The gatkWDLGen and gatkWDLGenValidation gradle tasks generate WDL and input JSON files for any tool that is annotated with both @WorkflowProperties and @CommandLineProgramProperties. For each such tool, two pairs of WDL/input-JSON files are generated:

  • A default WDL and input JSON, named toolname.wdl and toolnameInput.json, with parameters for required args only.
  • A second pair of files named toolnameAllArgs.wdl and toolnameAllAgsInput.json with parameters for all tool args.

(A third pair of files with names that end in Test are also generated for each tool, but these are for internal consumption only, and are used by the gradle gatkWDLGenValidation test task).
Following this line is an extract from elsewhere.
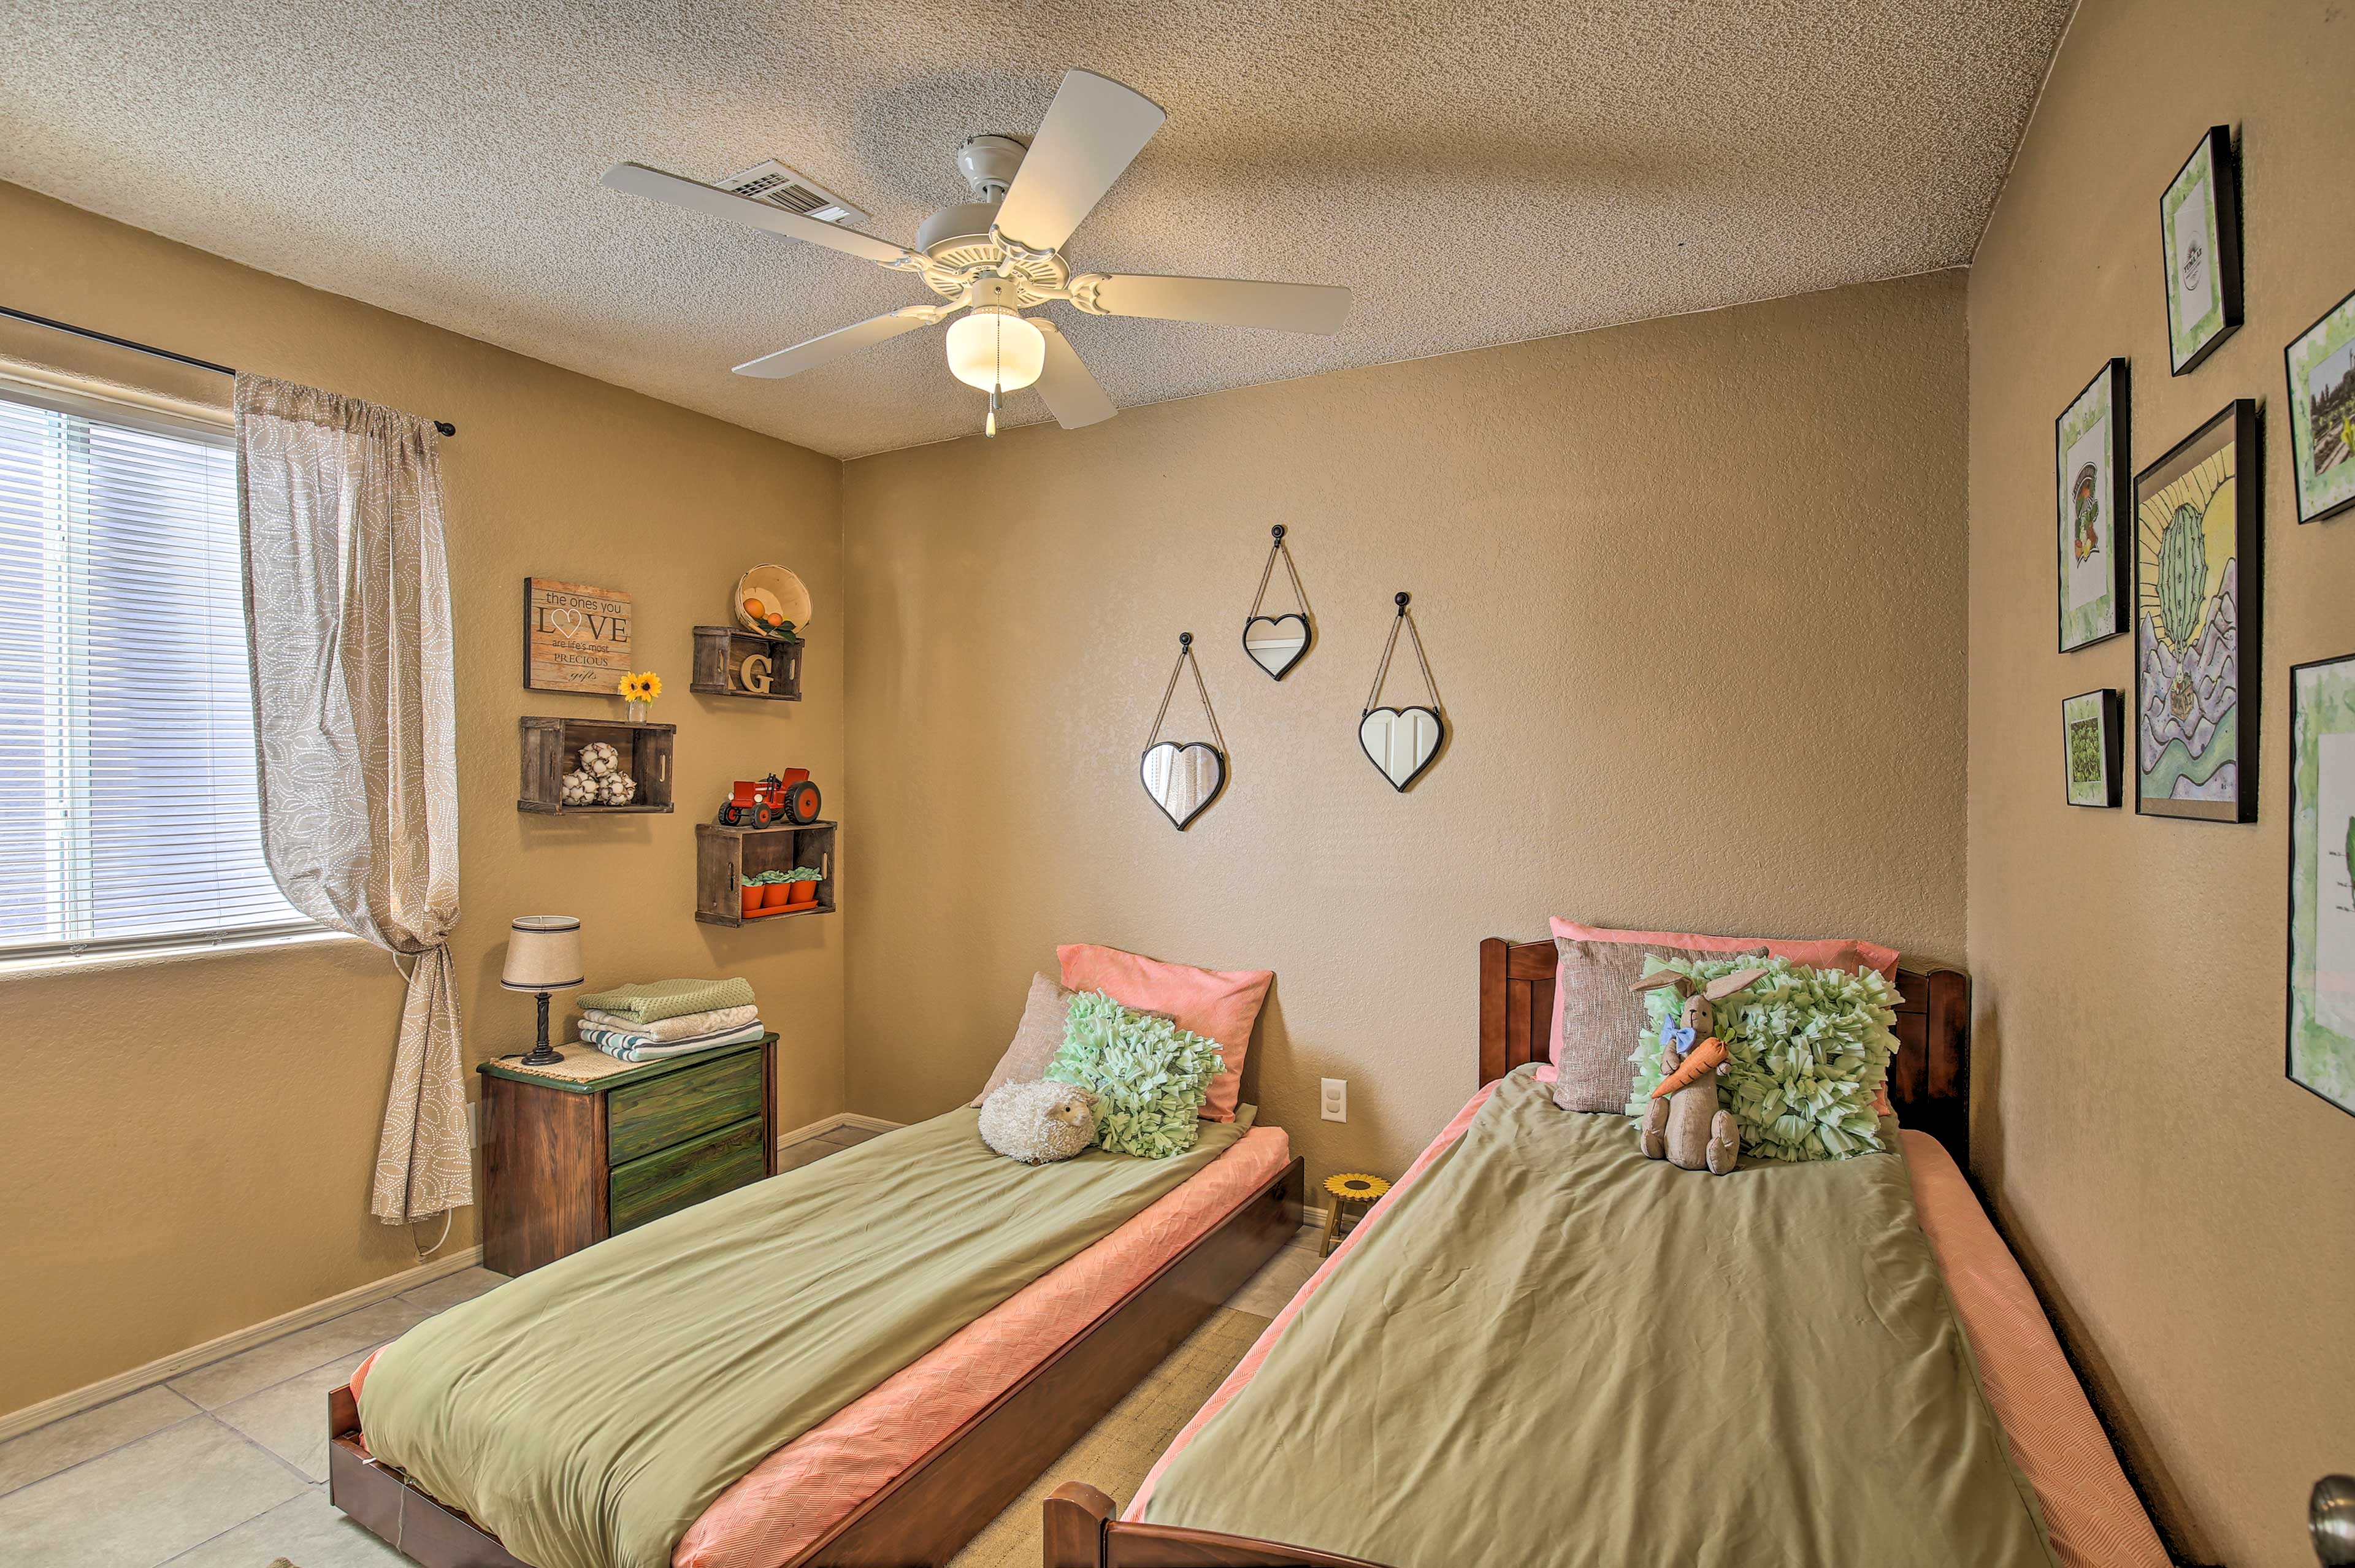 The third bedroom offers 2 twin beds.

To prepare a tool for WDL autogen, use the following guidelines:

Annotate the Tool Class

Add a @WorkflowProperties annotation to the tool class (it must also have an @CommandLineProgramProperties annotation). Choose appropriate values for the attributes, such as memory, cpu, etc. The values of all @WorkflowProperties attributes must be WDL-compatible. See the @WorkflowProperties interface for the available attributes and default values.
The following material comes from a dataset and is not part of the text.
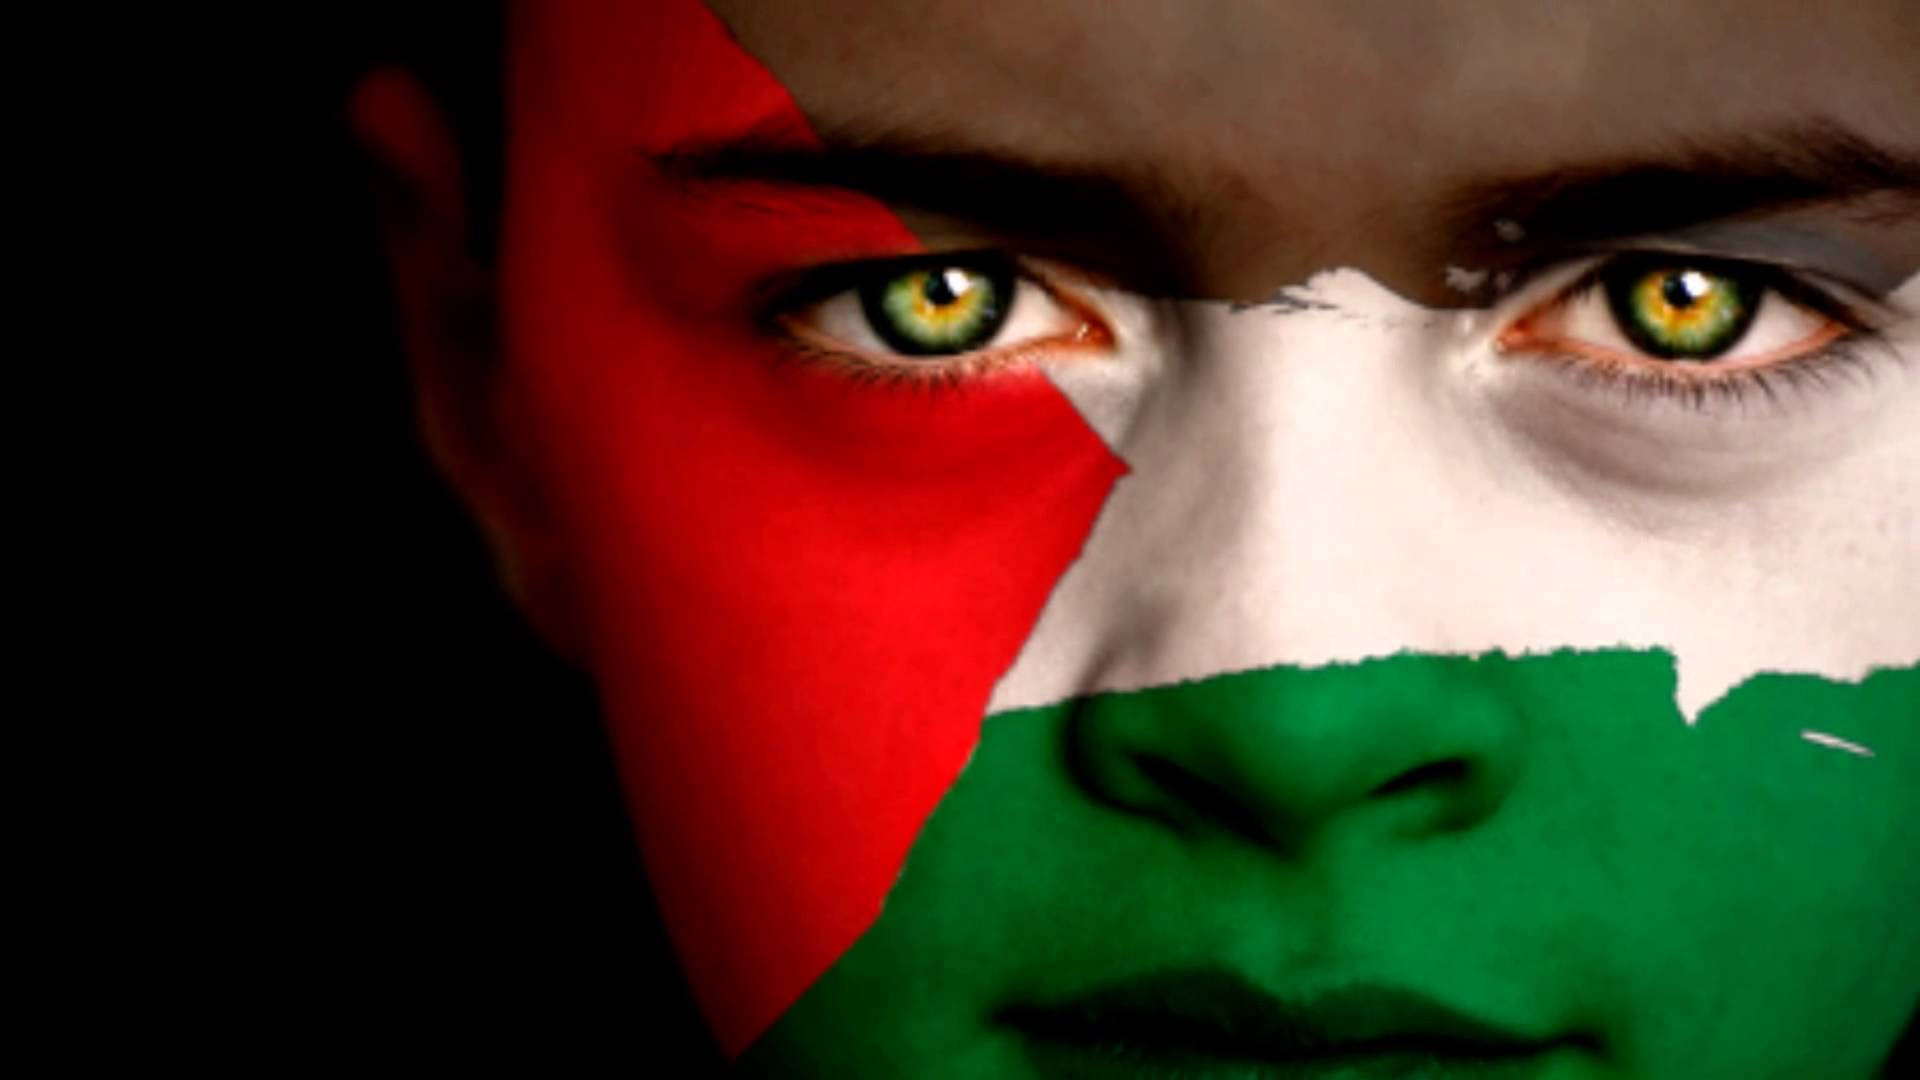 Passionate Supporter with Painted Palestine Flag on Face Wallpaper

Annotate the Tool Arguments

  • All tool input and output @Arguments that are either a file or directory (or a collection of files or directories), should be annotated with a @WorkflowInput or WorkflowOutput annotation.@WorkflowInput arguments may also specify localizationOptional = true, if the tool can handle non-local (cloud) inputs. Generally, this requires the arg to have GATKPath type.
  • The underlying type of these input and output @Arguments should be GATKPath, or some class derived from GATKPath (i.e., FeatureInput). The arguments should not have type String (java.nio.File is acceptable, but GATKPath is preferable since arguments that use GATKPath support non-local file systems, such as GCS, Hadoop, etc.).

Add Companion Resources

Companion resources are files that are not (usually) explicitly passed to the tool as tool arguments, but which must be present at runtime for the tool/workflow to succeed, such as a bam index, reference dictionary, or reference index. The @WorkflowInput or WorkflowOutput annotations allow for the specification of companion resources that are either optional, via the optionalCompanions attribute, or required, via the requiredCompanions attribute. Required companions on an argument that is itself optional will be treated as optional. Specifying companion resources results in the generated workflow and task, and inputs JSON file, having placeholder arguments for these companions. For example:

@WorkflowInput(optionalCompanions = { StandardArgumentDefinitions.REFERENCE_INDEX_COMPANION, StandardArgumentDefinitions.REFERENCE_DICTIONARY_COMPANION })
@Argument(fullName = StandardArgumentDefinitions.REFERENCE_LONG_NAME, shortName = StandardArgumentDefinitions.REFERENCE_SHORT_NAME, doc = "Reference sequence", optional = true)
private GATKPath referenceInputPath;

The generated WDL for a tool with this argument will have associated companion index and dictionary file arguments that share the target argument’s type (the WDL type being File in the case of GATKPath):

...
File? reference
File? referenceDictionary
File? referenceIndex

WDL AutoGen Failures

The WDL generator contains code to translate any known Java argument type into a WDL compatible type (i.e, List<FeatureInput<VariantContext>> must be translated into Array[File] in WDL). If a new tool is added, or an argument is added to an existing tool that is not handled by WDL autogen, the following error can occur, and means that the WDL generator must be updated with code to handle the transformation of the new Java argument type:

"Don't know how to convert Java type %s in %s to a corresponding WDL type. The WDL generator type converter code must be updated to support this Java type."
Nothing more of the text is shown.